Just in case it was unclear, I extensively use AI and agentic coding with current models on a daily basis. The only thing I haven't tried in a few months is specifically one-shotting a greenfield project.

I know computer-use agents exist, and theoretically have tooling and permission to do all the things a human sitting in front of a computer can. I just haven't heard of anyone successfully claiming to have had one do exactly what I described for a non-toy project in one shot with zero mistakes, or of any tool like Replit claiming to support such a capability.

I'd be very interested to know if my impression is out of date. As in, if I could send a single message to some AI service and say "Here's my credit card, banking info, and entity info/EIN; build me a production-ready Google Drive clone with religious branding and 10x higher pricing called God Drive with native Android/iOS/Linux/macOS/Windows apps, then deploy it to production on an optimal cloud architecture capable of scaling to a billion users at whatever domain name you like best and release the apps to all major app stores/repositories", then go to bed with high confidence that I'd be able to start creating God Drive docs/spreadsheets/presentations for work the following morning.
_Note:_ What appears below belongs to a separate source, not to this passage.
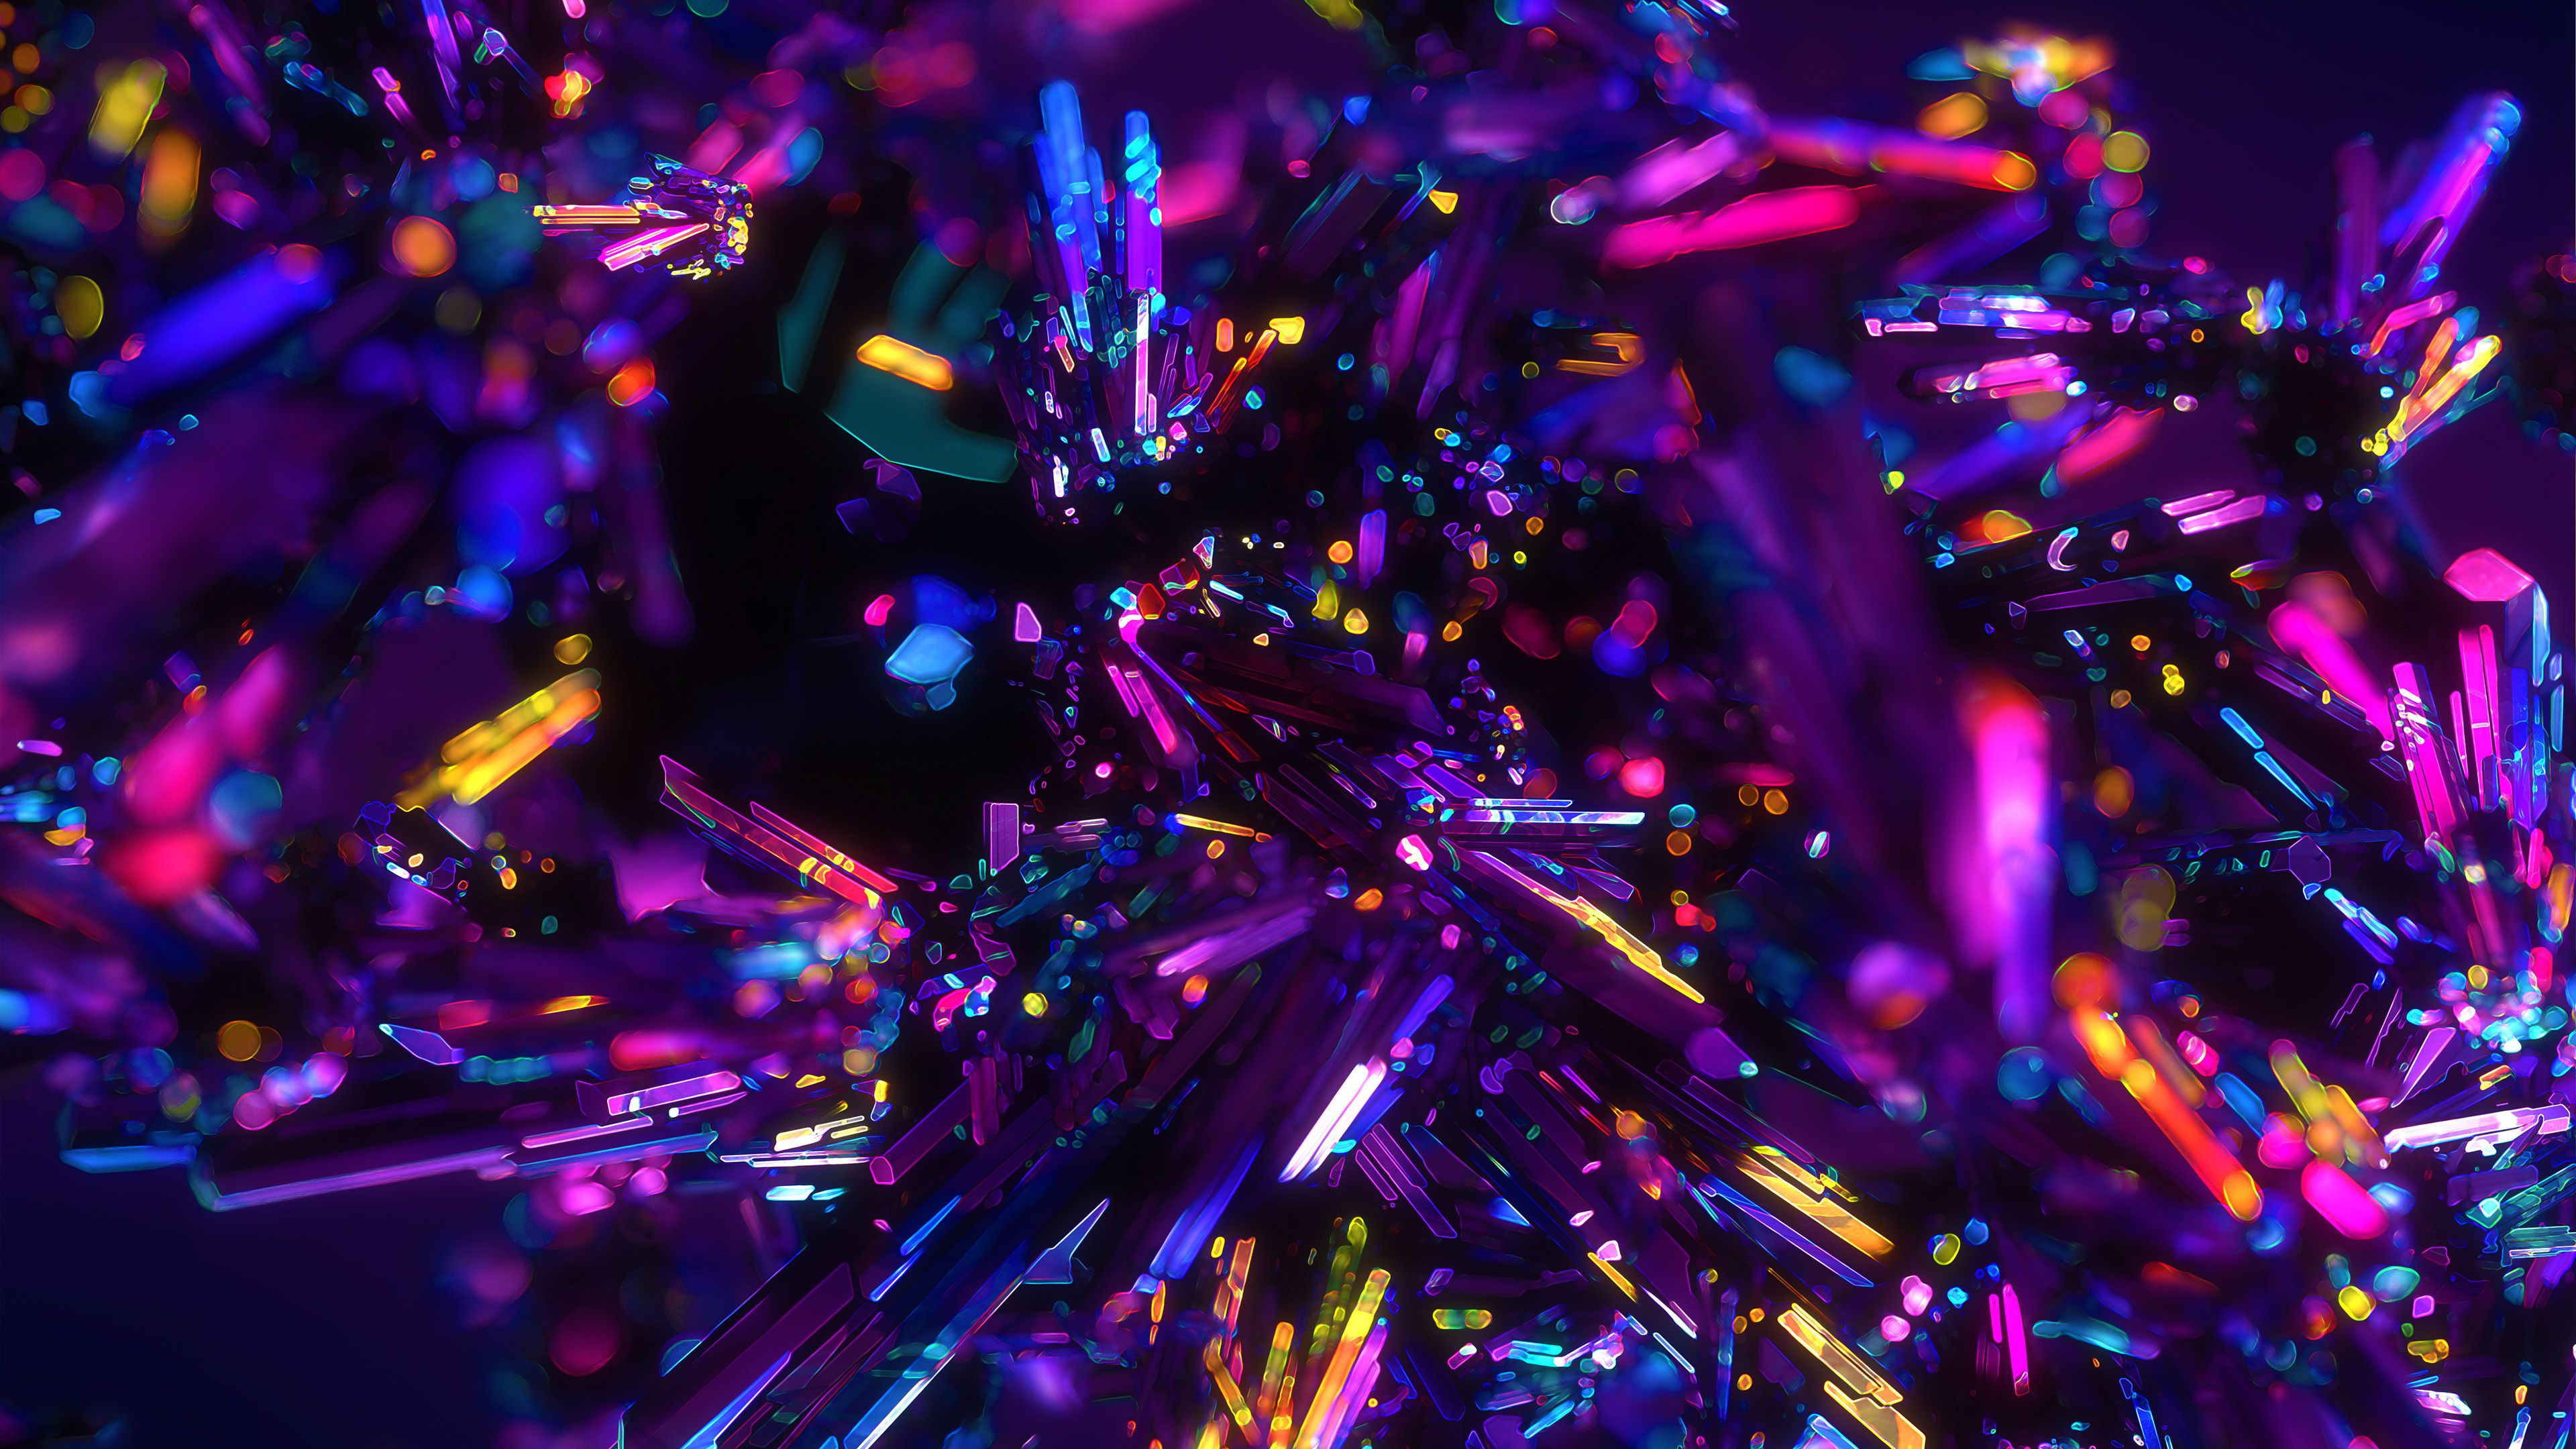 Colorful Crystals Abstract 4K Wallpaper

If that isn't the case, it isn't a criticism of the technology. The fact that we're even seriously discussing the scenario is incredible.

colechristensen 3 hours ago | parent [-]

Well... they're not oracles and never will be. The things I'm creating are following recognizable development practices. It's not build-once and done, it's an elaborate design/build/test cycle that happens in many flavors because unless you've already done something and are copying it, that's how you create and language models aren't going to get away from that.

buu700 2 hours ago | parent [-]

Whether or not it will one day get there is anyone's guess, but it sounds like we agree that it at least isn't currently there. I brought up that goalpost to illustrate why more efficient models will only improve the aggregate volume and/or quality of output for the foreseeable future, as opposed to creating a glut of supply that destroys the economics of data centers.